Isolation and culture of human pulmonary artery smooth muscle cells (PASMCs)
Isolation and culture of human pulmonary artery smooth muscle cells (PASMCs)
1. The human pulmonary arteries were opened to expose the endothelial surface, which was removed by gentle scraping with a scalpel.
2. The surrounding adventitia was then carefully dissected from the tunica media.
3. Cells were derived either from explants or after tissue digestion.
4. For the explant technique, the pulmonary arterial media was cut into ∼2-mm cubes and plated onto 25-cm2 tissue culture flasks.
5. Explants were left to adhere overnight and then were maintained in primary cell culture, 10% FBS, and antibiotic-antimycotic solution (100 U/ml of penicillin, 100 μg/ml of streptomycin, and 250 ng/ml of amphotericin B). 6. The cells were passed after ∼2 wk into a single 75-cm2flask and grown to confluence in primary cell culture system.
7. For tissue digests, the medial layer was cut into small pieces with a scalpel and incubated in type II collagenase (1,000 U/ml) in serum-free medium at 37°C for 4 h.
8. The action of collagenase was stopped by the addition of primary cell culture system.
9. The cells were then passed through a filter (pore size 100 μm) and centrifuged at 200g for 5 min, then resuspended in primary cell culture system before being plated in 25-cm2 flasks.
10. Subsequent passages were carried out at confluence, dividing one flask into four.

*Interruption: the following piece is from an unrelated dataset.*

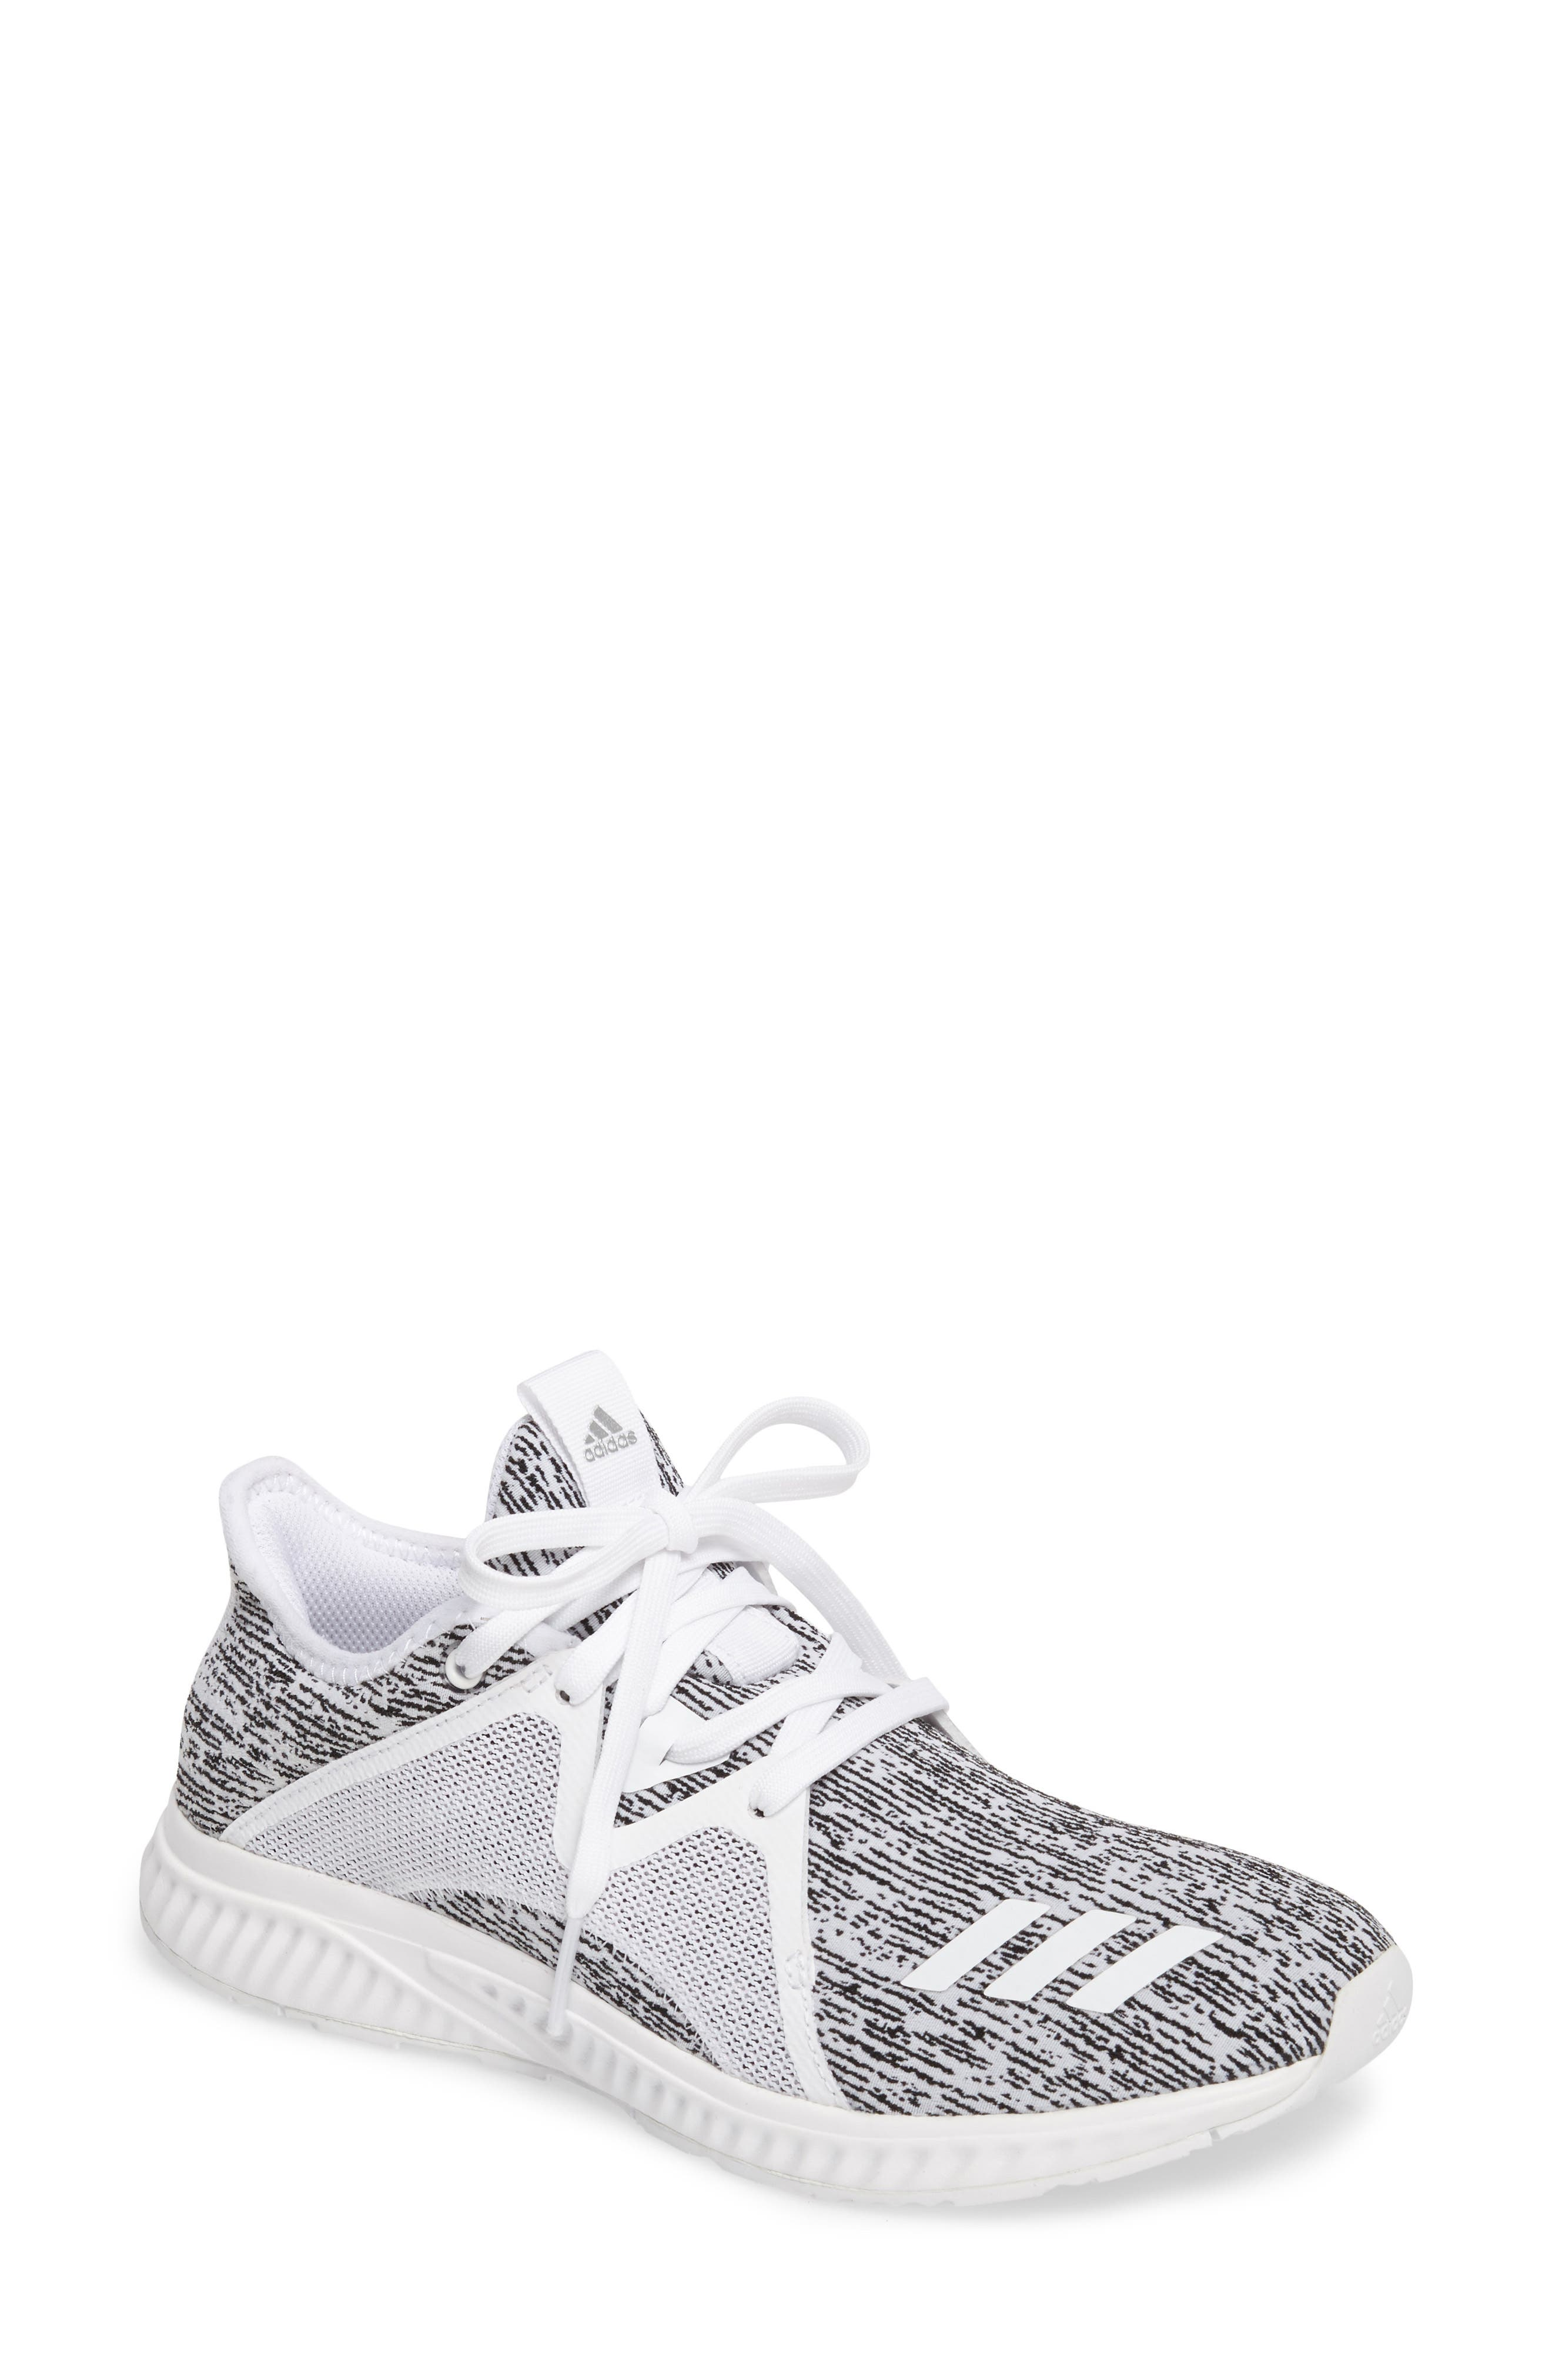 adidas Edge Lux 2.0 Running Shoe (Women)

Cells were used for experiments between passages 3 and 10.
11. The phenotype of isolated cells was investigated with antibodies to smooth muscle-specific antigens: monoclonal anti-α-smooth muscle actin and anti-smooth muscle myosin.
12. For immunostaining, the cells were grown to subconfluence in eight-well slide chambers.

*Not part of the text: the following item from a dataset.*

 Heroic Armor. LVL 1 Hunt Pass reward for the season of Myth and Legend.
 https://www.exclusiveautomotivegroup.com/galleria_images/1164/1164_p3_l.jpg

13. The cells were fixed in acetone at −20°C for 10 min, then washed in phosphate-buffered saline (PBS) for 3 × 5 min.
14. The cells were incubated with primary antibody for 1 h at room temperature, then with anti-mouse FITC-conjugated secondary antibody for 1 h, again at room temperature.

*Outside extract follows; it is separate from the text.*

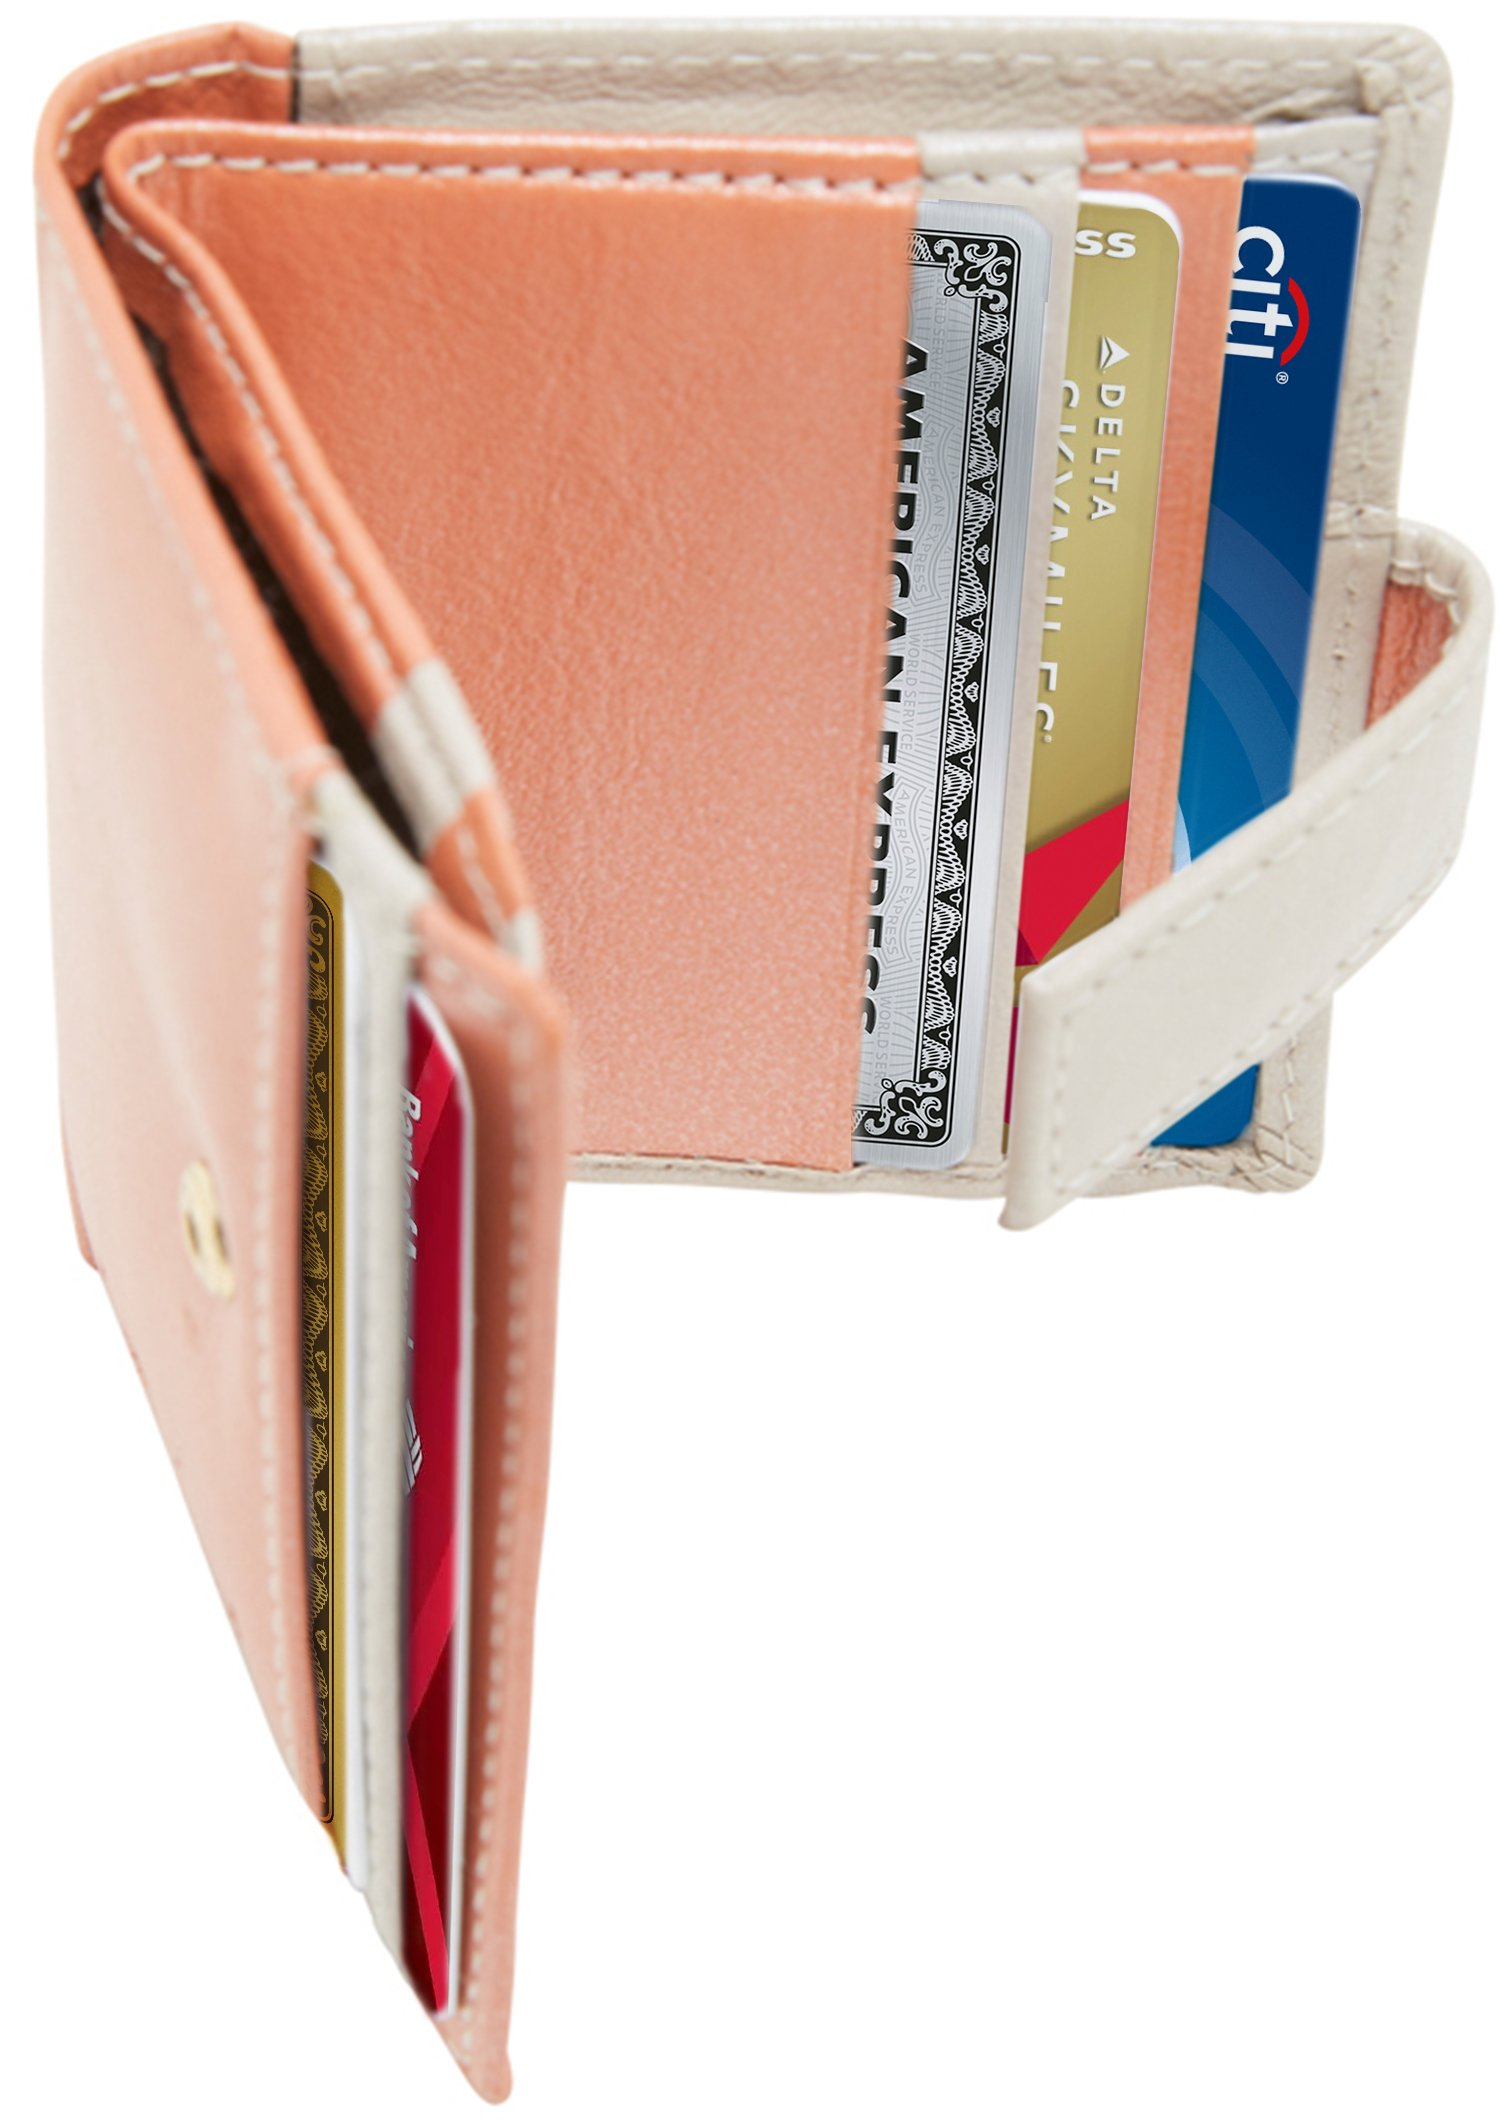 Small Bifold Wallets For Women RFID Blocking - Slim Organizer Leather Credit Card Holder

15. Between steps, the slides were thoroughly rinsed in PBS for 3 × 5 min at room temperature.
16. The cells were then mounted in a solution of PBS and glycerol (1:1) and visualized by fluorescence microscopy.
References
Morrell NW, Upton PD, Kotecha S, et al. Angiotensin II activates MAPK and stimulates growth of human pulmonary artery smooth muscle via AT1 receptors. Am J Physiol. 1999; 277: L440–L448.